Question

Find the inverse of the function,$y = {3^x}$ and check if the inverse is also a function.

Answer 1

Hint:Inverse of a given one to one function $f(x)$ is defined as, $g(x)$. Here $g(x)$ is equal to ${f^{ - 1}}(x)$. We may also say that if $f(x)$ and $g(x)$ are two one-to-one functions, then $(fog)(x) = x$. Also, to be kept in mind that, \[{f^{ - 1}}(x) \ne \dfrac{1}{{f(x)}}\].

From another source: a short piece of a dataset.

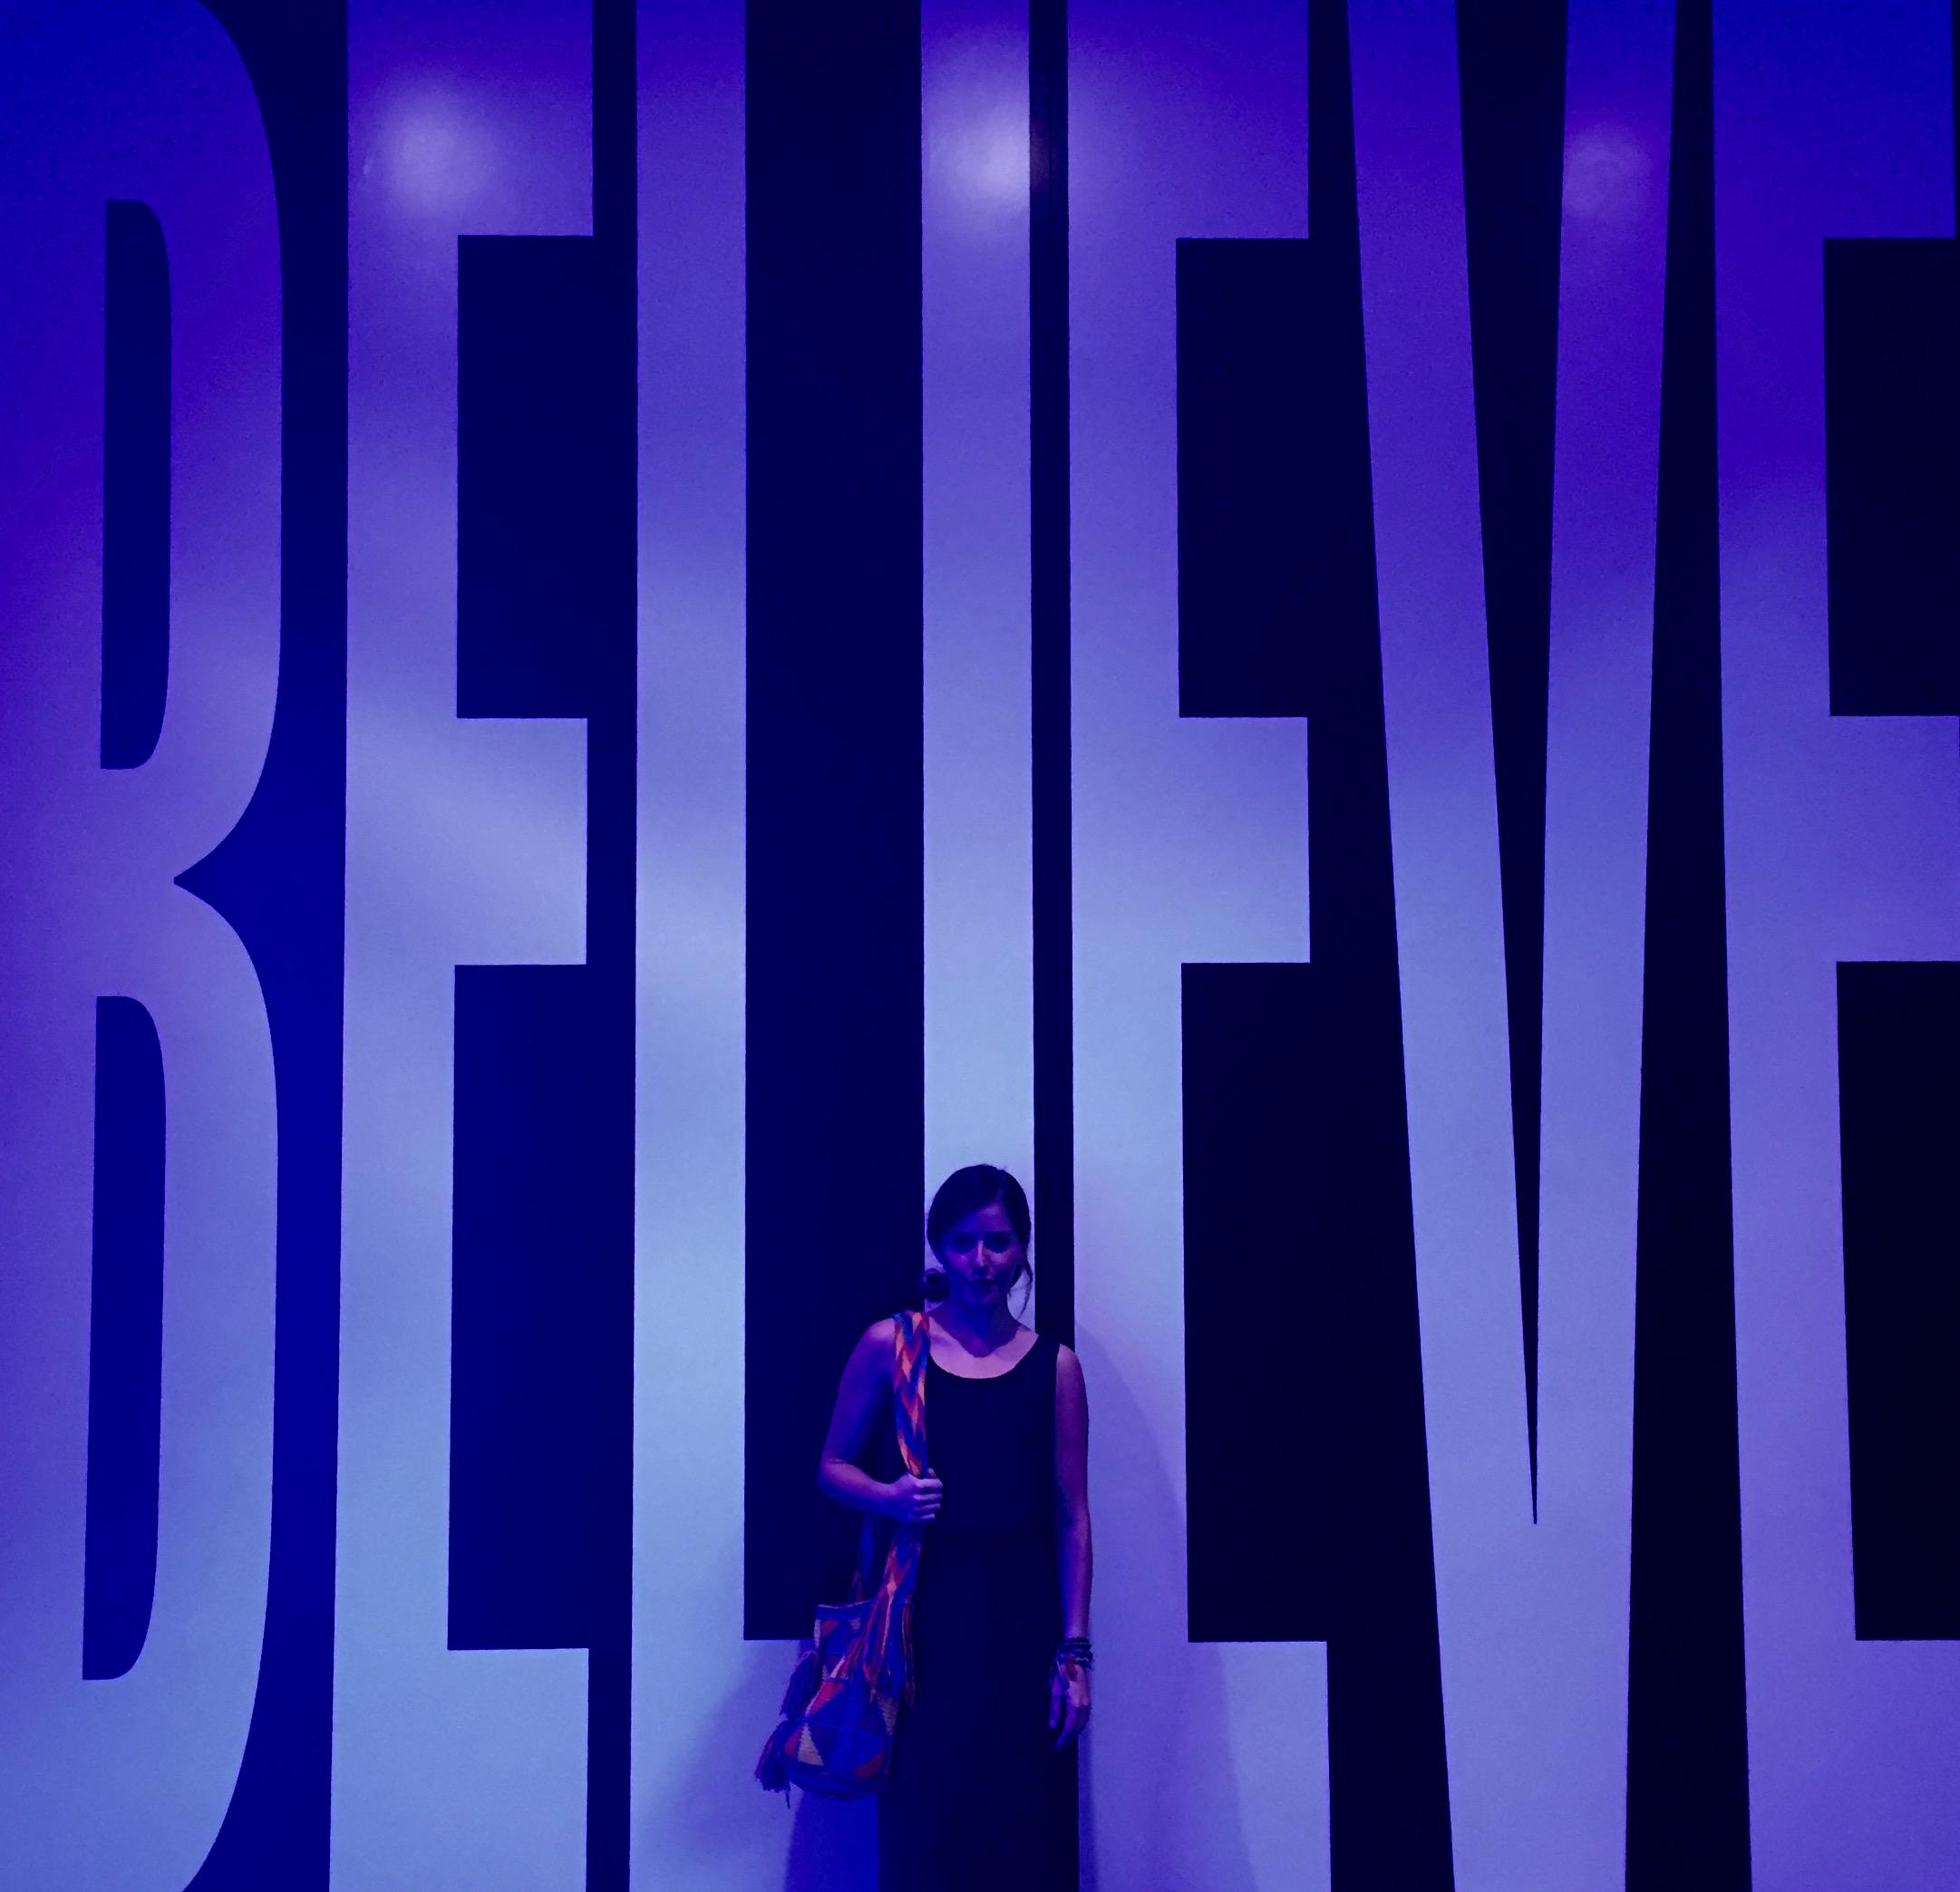 Belief and Doubt - Barbara Kruger

Complete step by step solution:
Let us assume, $f(x) = y$.
And, we know from the question that $y = {3^x}$
Replace every x with y and every y with x.
Thus, $f(y) = x = {3^y}$……. equation(i)
Solving for y, we have
\[
\log (f(y)) = \log {3^y} \\
\Rightarrow \log (x) = y\log 3 \\
\Rightarrow y = \dfrac{{\log (x)}}{{\log 3}} \\
\]
The resultant function in y be named ${f^{ - 1}}(x)$.
This function ${f^{ - 1}}(x)$ is the inverse of the function, $f(x)$. To verify the same, we need to put the values in these equations and tally the answers.
\[\left( {f \circ {f^{ - 1}}} \right)\left( x \right) = x\]…….. equation(iii)
\[\left( {{f^{ - 1}} \circ f} \right)\left( x \right) = x\]…….. equation(iv)
Equation (iii) can be written as,
\[\left( {f \circ {f^{ - 1}}} \right)\left( x \right) = f[{f^{ - 1}}(x)]\]
Putting the values of ${f^{ - 1}}(x)$ in the above equation,
\[ \Rightarrow \left( {f \circ {f^{ - 1}}} \right)\left( x \right) = f[\dfrac{{\log (x)}}{{\log 3}}]\]
\[ \Rightarrow \left( {f \circ {f^{ - 1}}} \right)\left( x \right) = {3^{\dfrac{{\log (x)}}{{\log 3}}}} =
x\]……….(Hence the equation is verified.)
Next, we need to verify equation (iv),
\[\left( {{f^{ - 1}} \circ f} \right)\left( x \right) = {f^{ - 1}}[f(x)]\]
Putting the values of in the above equation,
\[ \Rightarrow \left( {{f^{ - 1}} \circ f} \right)\left( x \right) = {f^{ - 1}}[{3^x}]\]
\[ \Rightarrow \left( {{f^{ - 1}} \circ f} \right)\left( x \right) = \dfrac{{\log [{3^x}]}}{{\log 3}} =
x\]……….. (Hence the equation is verified.)
As the definition of an inverse function says, two one-to-one functions are inverse of each other if they satisfy the equations \[\left( {f \circ {f^{ - 1}}} \right)\left( x \right) = x\]and \[\left( {{f^{ - 1}} \circ f} \right)\left( x \right) = x\], and hence the found inverse of the given function is also a function.

Note: Let $f$ be a function whose domain is called set X, and whose codomain is called set Y. Then $f$ is invertible if there exists a function g with domain Y and image (range) X, with the property: $f(x) = y{\mkern 1mu} {\mkern 1mu} \Leftrightarrow {\mkern 1mu} {\mkern 1mu} g(y) = x.$
If $f$ is invertible, then the function \[g\] is exclusive, which implies that there 's exactly one function \[g\] satisfying this property. That function \[g\] is then called the inverse of $f$, and is typically denoted as${f^{ - 1}}$.